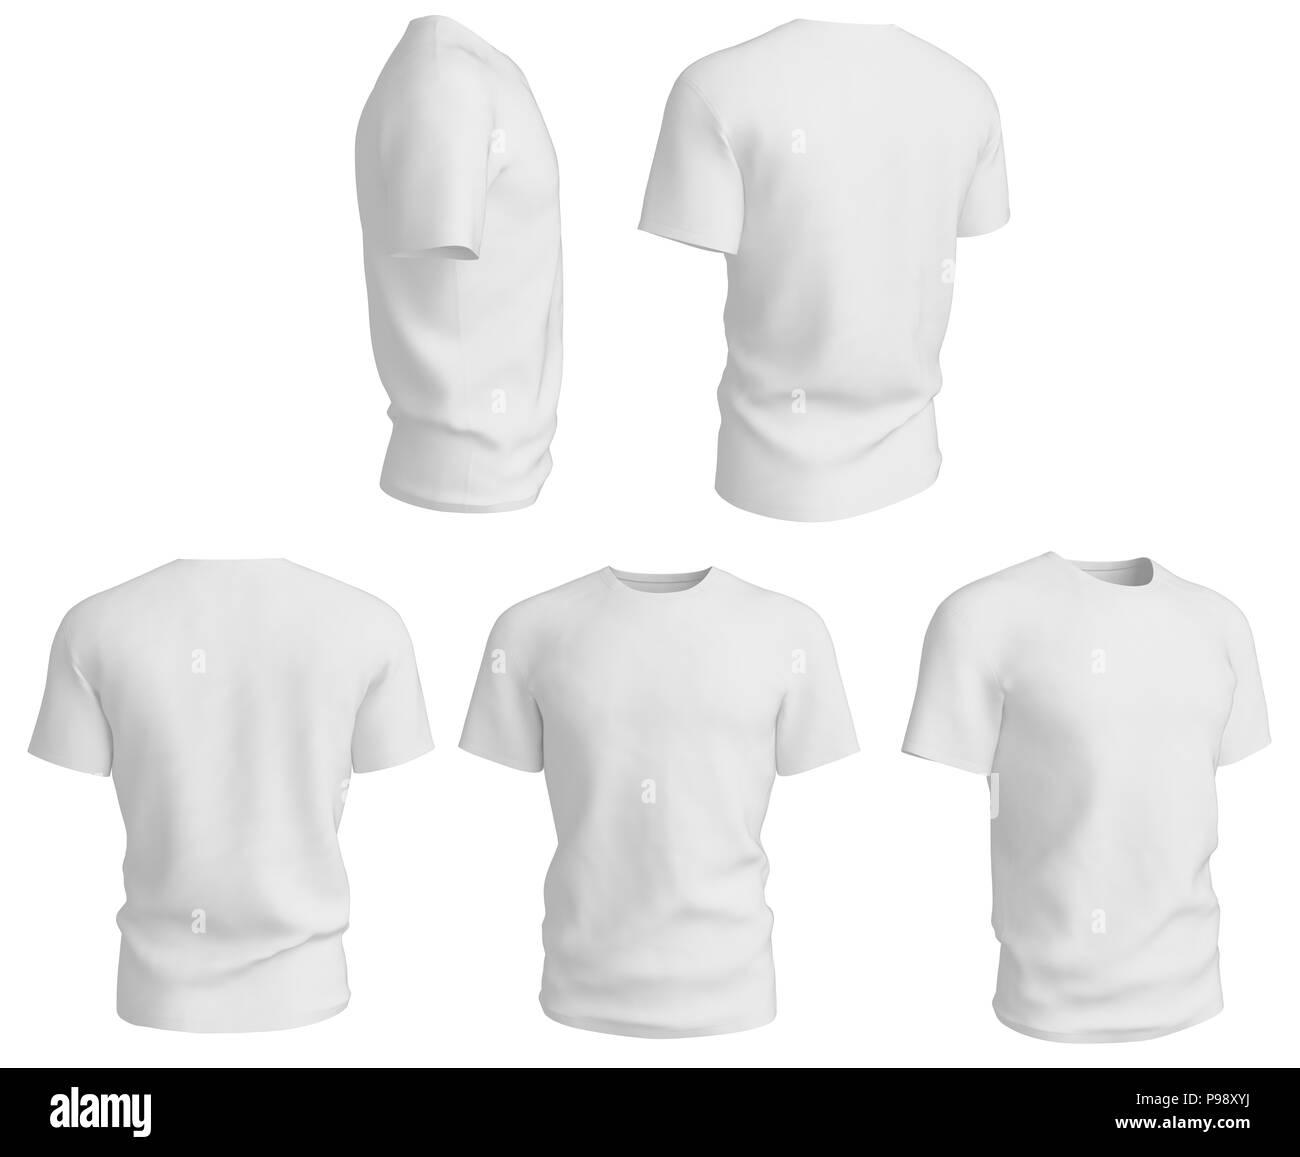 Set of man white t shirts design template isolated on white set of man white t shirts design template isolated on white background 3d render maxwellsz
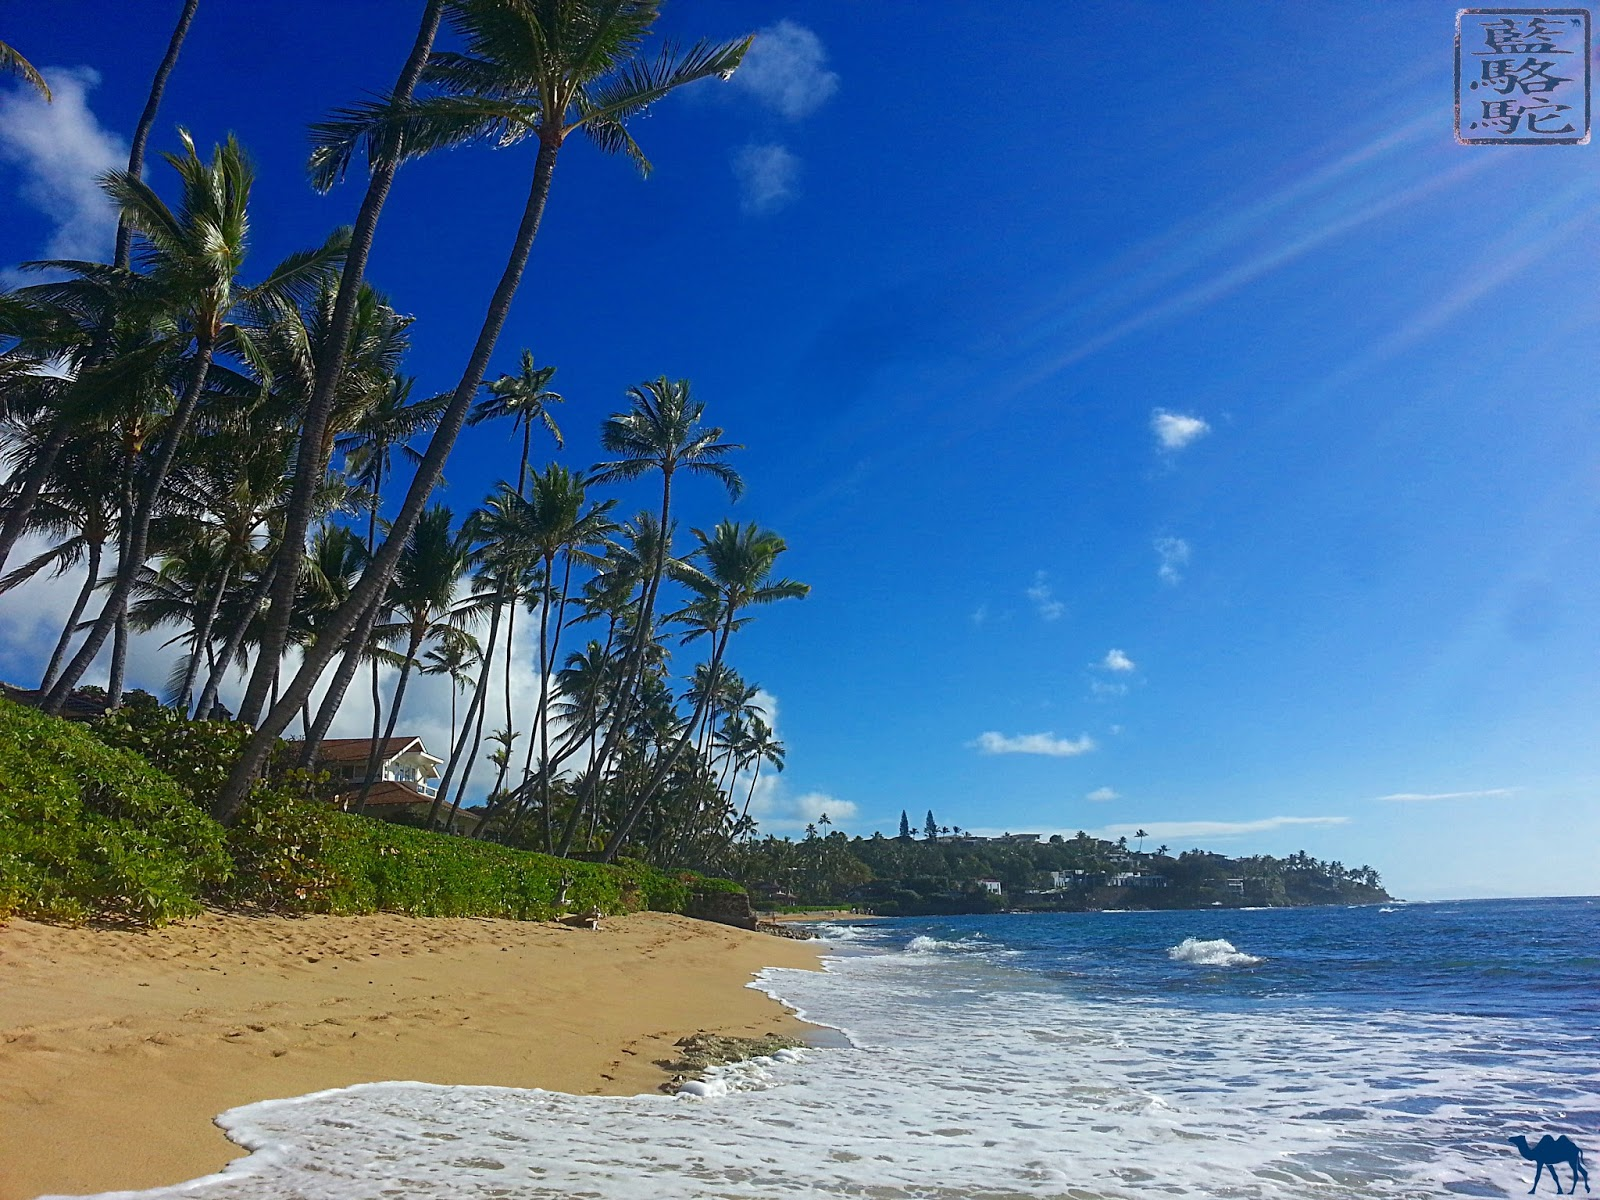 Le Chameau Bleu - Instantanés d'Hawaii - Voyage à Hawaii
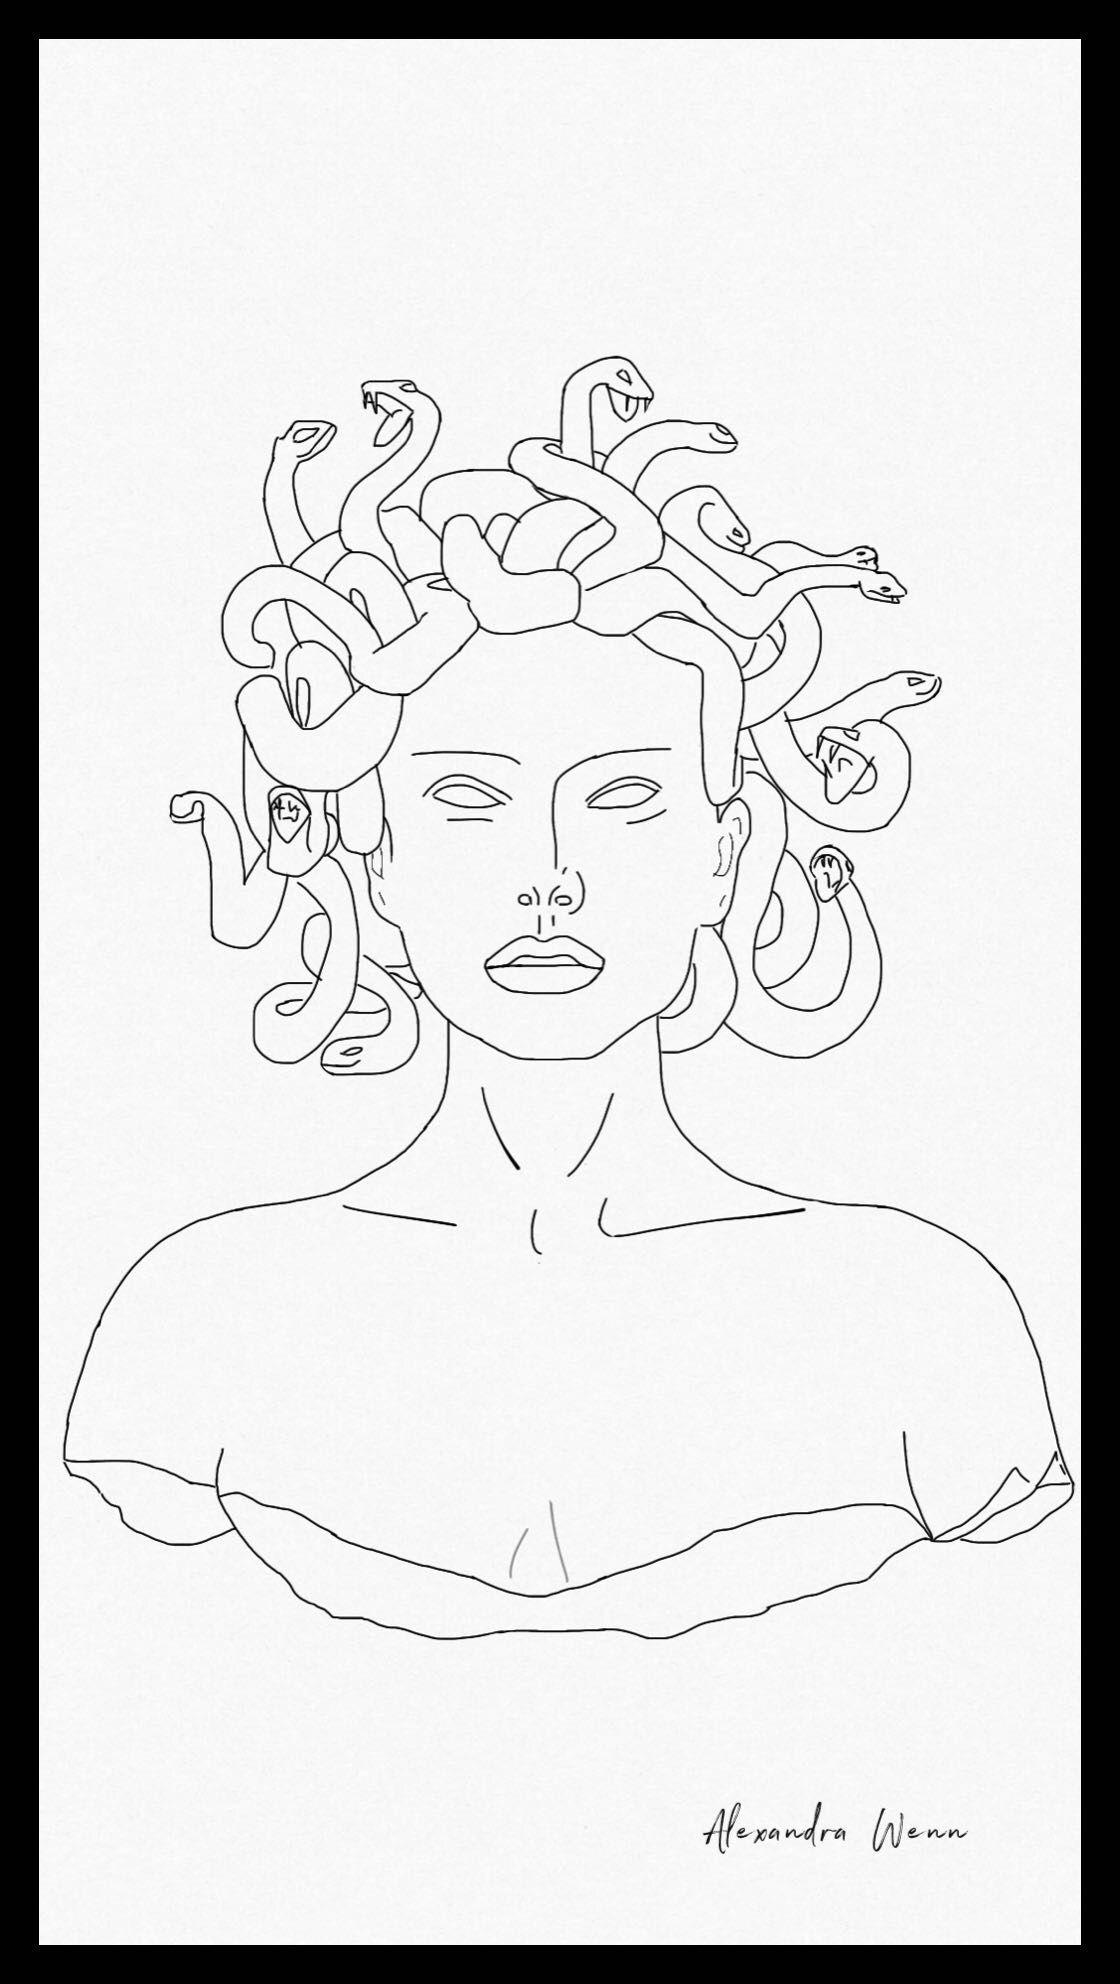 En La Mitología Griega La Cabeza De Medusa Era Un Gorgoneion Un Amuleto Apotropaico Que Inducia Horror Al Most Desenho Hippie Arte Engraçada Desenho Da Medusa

++++++

TASK PROMPT.
Copy out all the data exactly, skipping the pictures.

EXERCISE RESULT.
 Set of man white t shirts design template isolated on white set of man white t shirts design template isolated on white background 3d render maxwellsz
 Le Chameau Bleu - Instantanés d'Hawaii - Voyage à Hawaii
 En La Mitología Griega La Cabeza De Medusa Era Un Gorgoneion Un Amuleto Apotropaico Que Inducia Horror Al Most Desenho Hippie Arte Engraçada Desenho Da Medusa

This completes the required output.